Stealth wealth payoff

An old friend and ex-coworker called me late last week. She just wanted to call and catch up. She had decided to take a big new step in her life and wanted me to know about it.

After nearly twenty years with her current employer she was cutting the cord and venturing out on her own.

The news didn't surprise me very much. The only part that really was a surprise to me was her willingness to take the leap, to cut the cord and go solo.

We've been friends for a long time. I know a bit about her and how she thinks. From conversations about money and personal finance I had her tagged as a likely stealth economics practitioner. I say likely because I'm one myself and I have always seen those characteristics in her. However there is no way to really identify such a person, not if he or she is truly operating under the radar.

So for me it was no surprise she'd realized she had the financial resources to retire from her corporate cubicle career. That left the open question of how this came about. Her willingness to take the leap - that was the surprise. So I asked.

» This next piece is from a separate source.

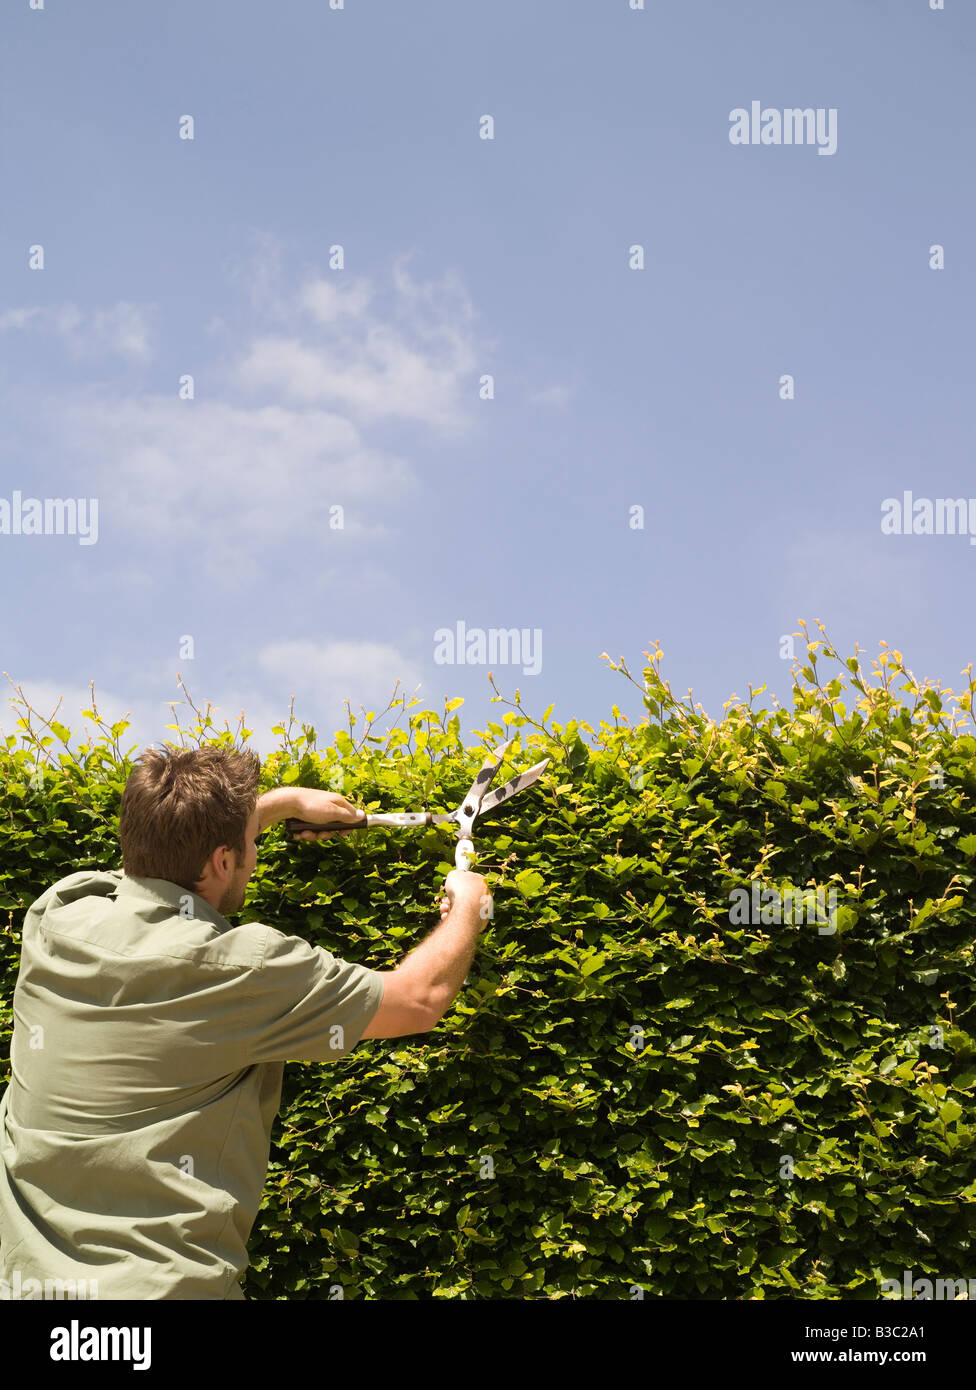 A man cutting a garden hedge with shears Stock Photo

She'd been working on a small business project on the side for a number of years. A friend of hers had at one time introduced her to a home decorator where she learned there was a lucrative cottage industry in full swing. Evidently home decorators and their clients in their mutual quest to create a unique experience in every project generate and enormous and mostly unsatisfied demand for custom fabric items such as pillows, throws and draperies.

For my friend, who had always been proficient with her sewing machines, it was a perfect fit.

Her only concern, believe it or not, is managing demand. Sewing is her passion. She's very good at it and her time spent is "good for her sanity" as she likes to put it. She doesn't want her newfound demand for her sewing talents to overwhelm the pleasure she derives from the activity.

From what I know of her, she won't let that happen.